Власть – мощный наркотик. Но лишь до тех пор, пока обладатель власти сам верит в свое могущество. И будь Юрий Владимирович Андропов чуть помоложе и будь у него чуть поменьше болезней, вероятно, он успел бы наломать серьезных дров, прежде чем убедился в тщете затеянного. Но для старика хватило и опыта первых неудач: не привыкший к властным стрессам организм дряхлой политической системы отказал окончательно. А вместе с ним и организм самого генсека.

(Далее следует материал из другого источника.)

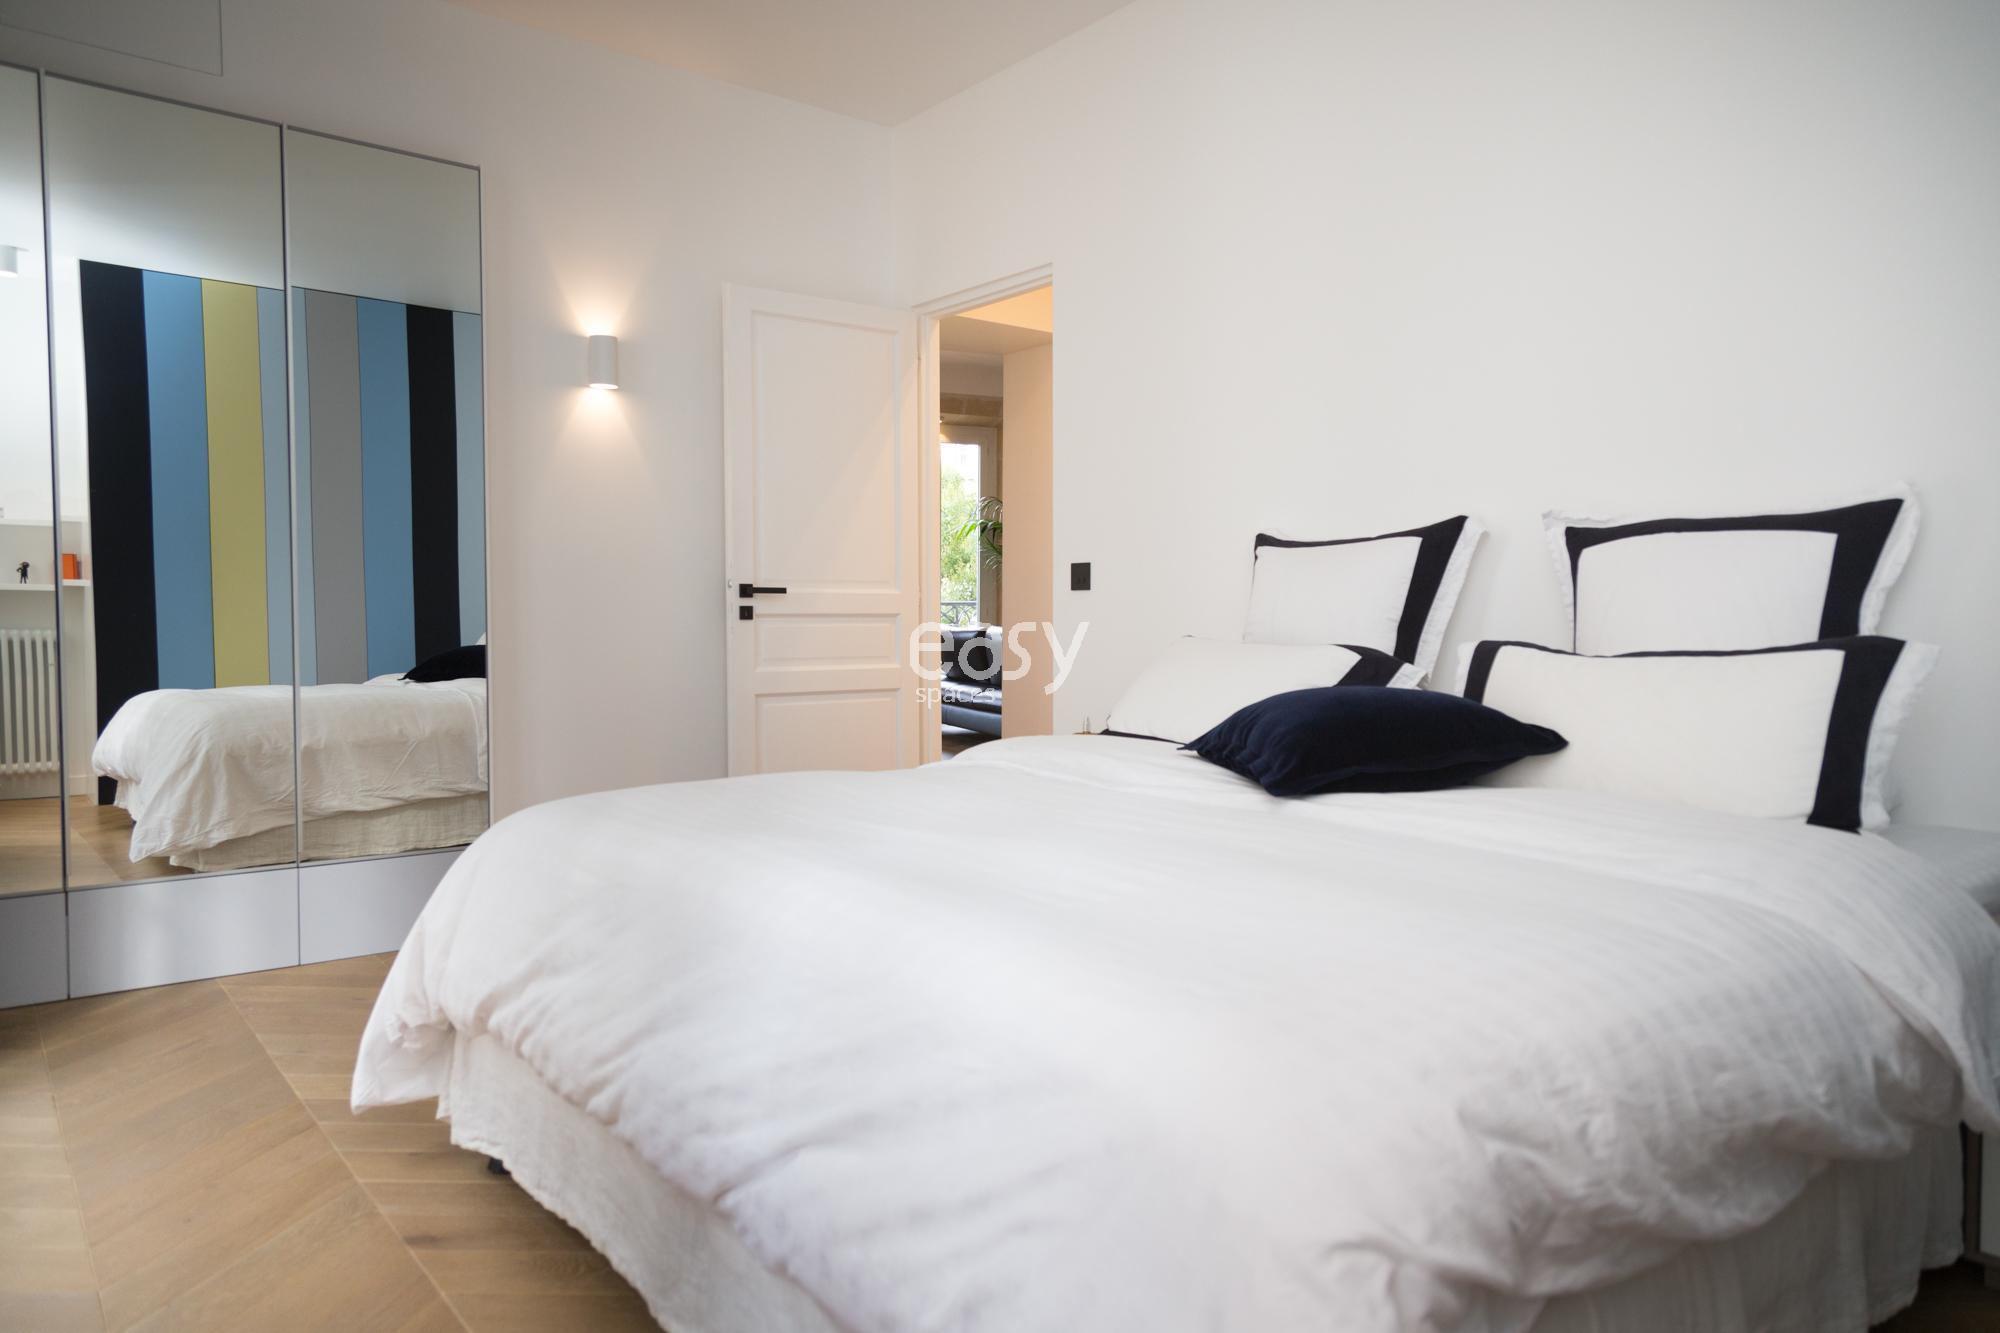 Louer un appartement priv pour shooting tournage v nementiel paris lieux lieu louer pour for Louer son appartement

Коммунистические вожди наконец начали понимать, что перемены (даже столь вожделенные) в духе их комсомольско-партийной 'тревожной' молодости – просто опасны. Пусть идет, как идет. (А после нас – хоть потоп!) И после смерти Андропова генсеком (еще на год) становится совершенно уже опереточный К.У. Черненко, тотчас же прозванный в народе 'кучером'.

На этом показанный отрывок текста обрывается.